The establishment of the Provincial Finance Commission with city mayor and town chairmen as its members is also propagated by the JI as one of its key demands that has been accepted by the Sindh government. However, it seems that the Sindh government’s control over the city development institutions remains intact with no change in its authority.

A very vague term has been used from the two sides who say that the city administration would have “active and effective role” in the operation of Karachi Development Authority, Malir Development Authority and the Lyari Development Authority.

The terms of the agreement that lifted the spirits and hopes of the JI and its workers provoked its opponents.

Opposition sceptical

Amid applause from the media critics for its “struggle for rights of Karachi”, the opposition parties didn’t appear impressed.

They criticised the JI and alleged that it was facilitating the PPP government to cool down the anger against the ruling party brewing in the people of urban Sindh.

“I don’t have a shadow of a doubt that the PPP has befooled Hafiz Naeem ur Rehman,” said Muttahida Qaumi Movement-Pakistan’s Khawaja Izharul Hassan while addressing a press conference. “The things which are offered by the Sindh government like PFC are already there in the law.

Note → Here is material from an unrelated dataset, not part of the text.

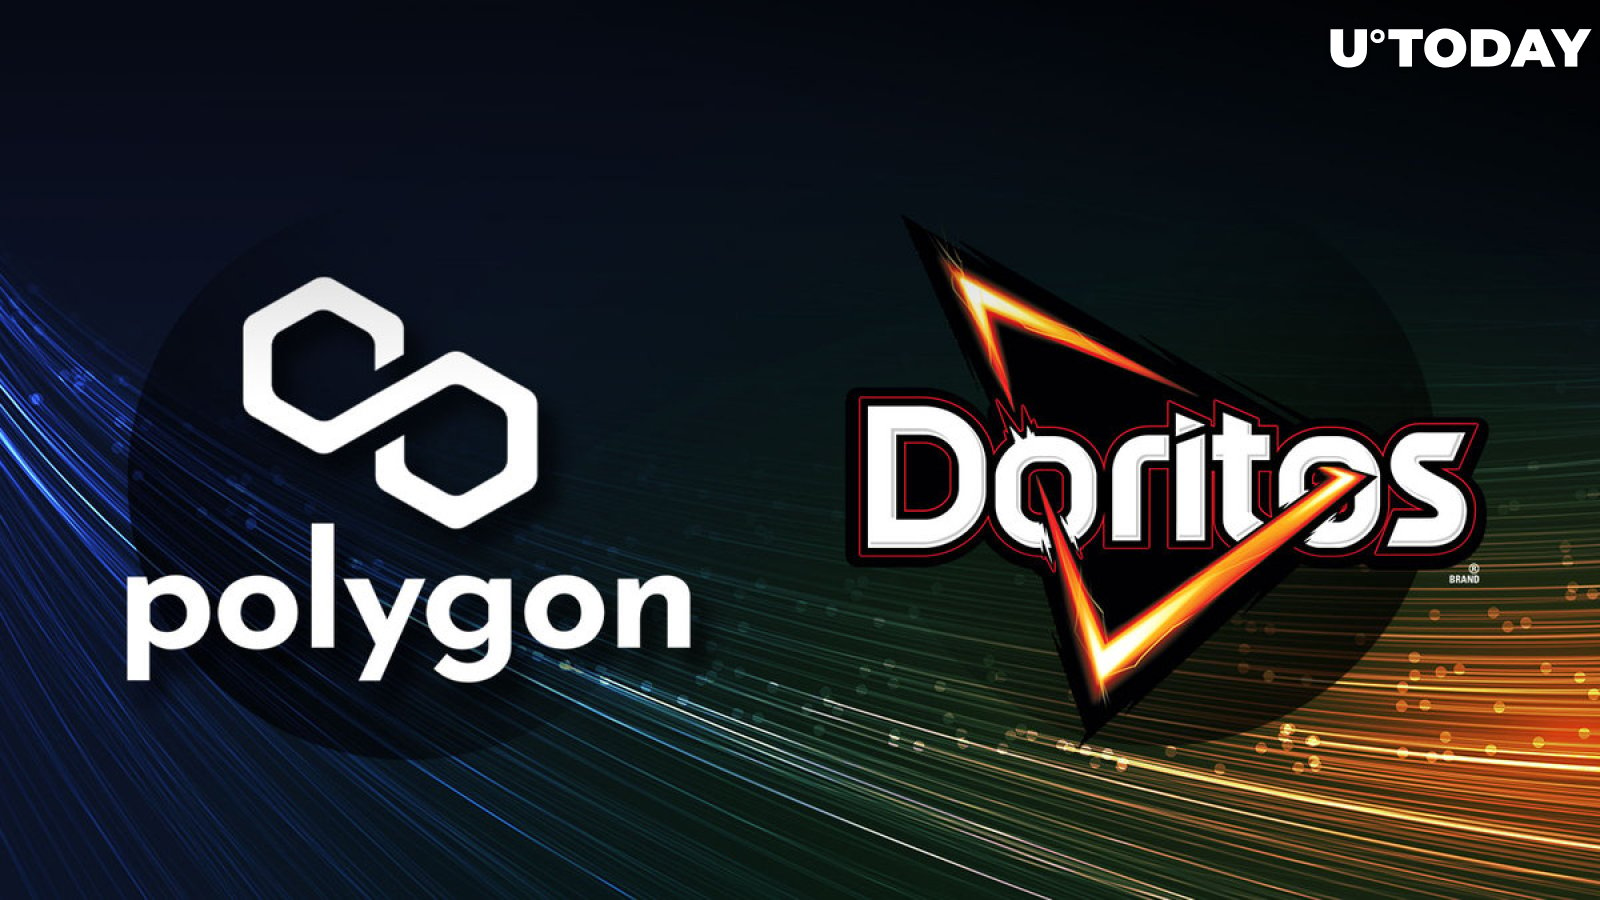 Doritos Chips Producer Comes to Polygon (MATIC), Here's How

What actually they [JI] have achieved? I wonder how the seasoned and experienced party like Jamaat is trapped by the PPP.”

He continued: “We don’t accept this agreement; neither do we agree with anyone on the terms agreed between the two sides. Our struggle will continue till restoration of a fully empowered system.”

Federal Minister for Maritime Affairs Ali Zaidi went a step ahead.

He blamed ‘Zardari mafia’ for deceiving the JI and said the agreement between the two was actually against the spirit of the Constitution and Article 140.

“Zardari Mafia’s local body bill is against the spirit of constitution,” he tweeted. “This mafia wants to take over everything. This mafia has done nothing but looting in Sindh for 14 years.”

The reaction from political parties against their rivals sounds quite natural as amid growing momentum against the PPP government by the opposition, the JI makes a breakthrough, which ultimately undermines the efforts of others leaving lesser space for their success.

Political comeback of JI

Whatever the impact, the agreement between the JI and the Sindh government, according to senior journalist and columnist Mazhar Abbas, has given a new birth to the Jamaat’s politics in Karachi.

He called it a ‘comeback’ of the right-wing party in the electoral politics of the metropolis.

“There may be still some shortcomings, but one has to agree that the Sindh government, which should have delegated all these powers to the local administration, is moved only after the JI’s protest. It is the Jamaat that launched the movement, built it up and then continued it for consecutive 28 days,” he said.

“So, I think that will definitely give a political mileage to the Jamaat mainly in Karachi where it has lost space for decades,” he said.